When submitting a bundle, please ensure none of your submission bundle's dependencies have been deleted. Otherwise, your submission bundle will be disregarded as an invalid submission.

FAQ / Known issues¶

Q: How do I reset the quota for a participant?
A: Delete their associated evaluation bundles from the log worksheet, and their quota values should go down accordingly the next time that the leaderboard is generated.
Q: Which submissions correspond to the scores displayed in the leaderboard?
A: The last submission submitted by each participant chronologically. (No max is performed.)
Q: Why is there a finite max_leaderboard_size? Why not just support any leaderboard size?

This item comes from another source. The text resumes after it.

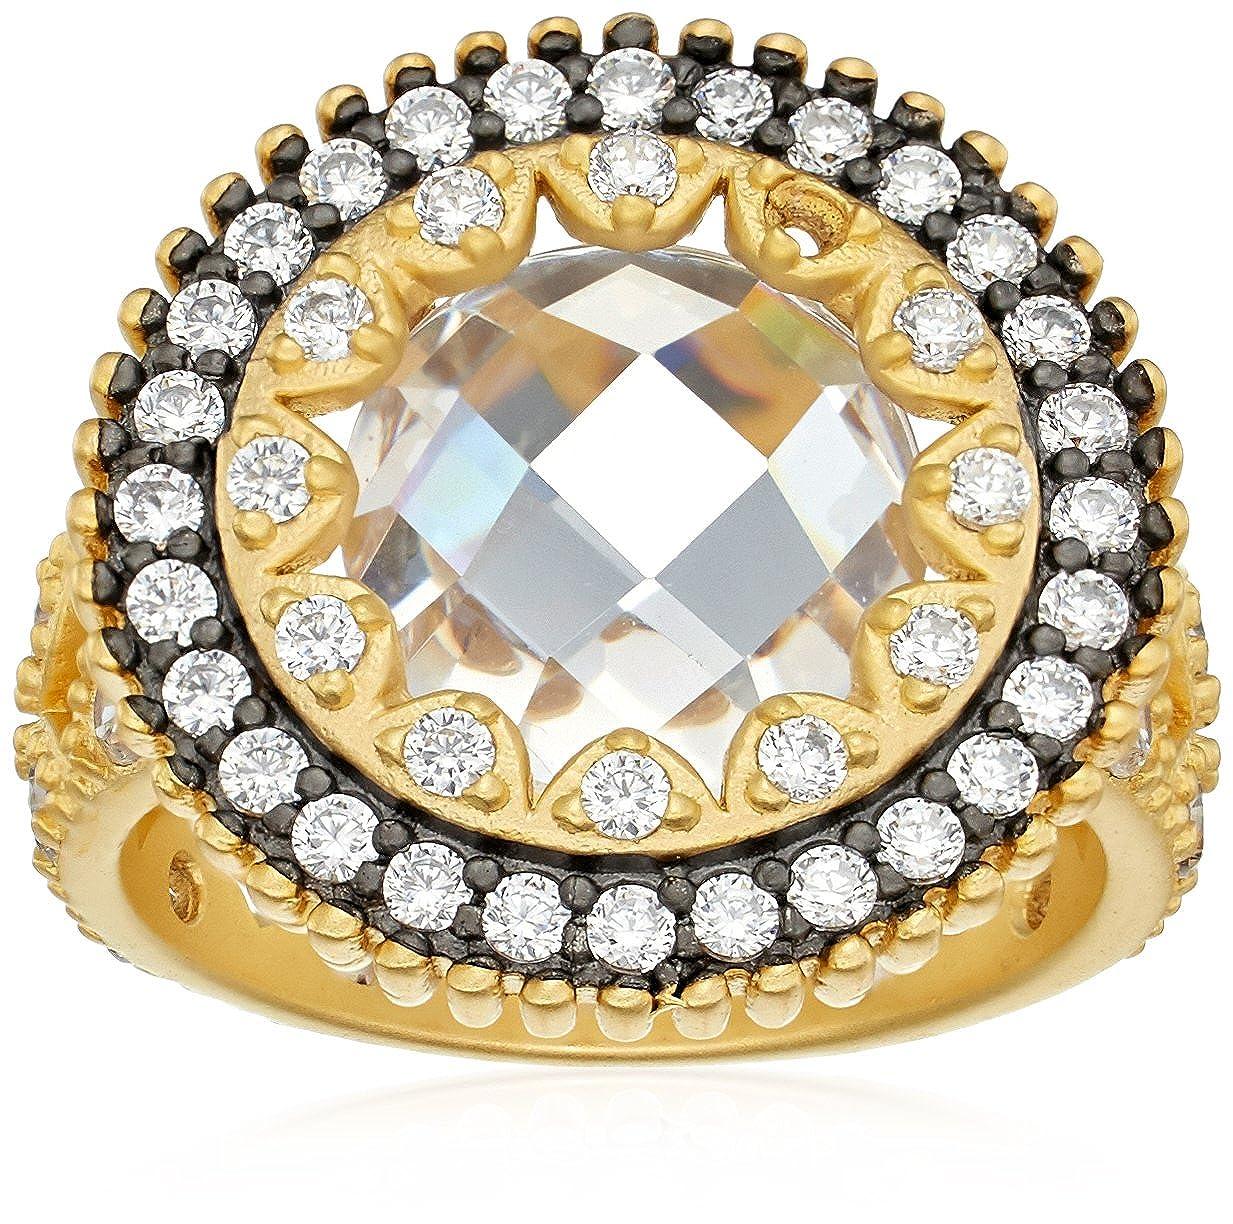 Freida Rothman Womens Signature Round Crown Edge Ring Black & Gold Size 6 YRZR090018B-6
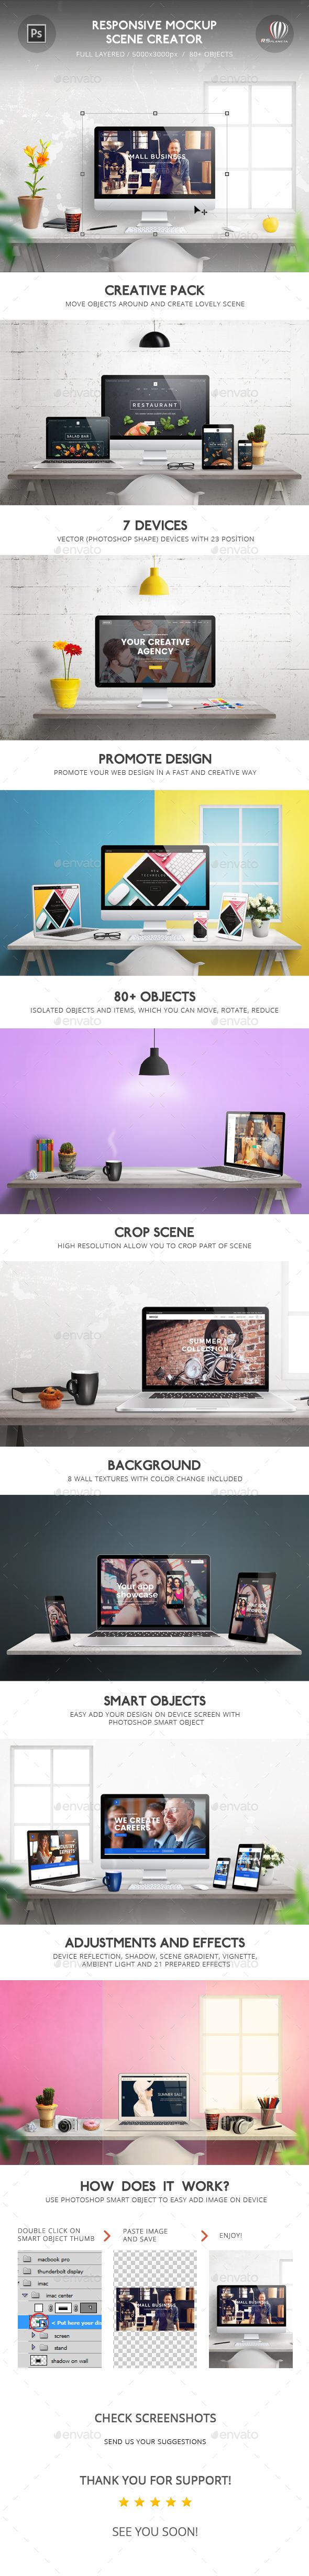 Responsive Mockup Scene Creator (Displays)

A: Because of a quirk in the CodaLab search API, we need to specific a finite "limit" to the number of search results. Just make this number big enough and it should be fine.
Q: This script is really slow.
A: The script is pretty bare bones and doesn't do much in the way of optimizing API calls. The implementation is pretty small, so feel free to shoot us some pull requests to make it better!
Q: How can I let participants debug their own submissions when they fail?
A: There are some rare cases where a submission succeeds on the public dataset but fails on the hidden dataset. Unfortunately, the competition organizers will have to manually send the participants stacktraces for those failed runs, unless they are willing to make the prediction bundles public (make_predictions_public: true in config).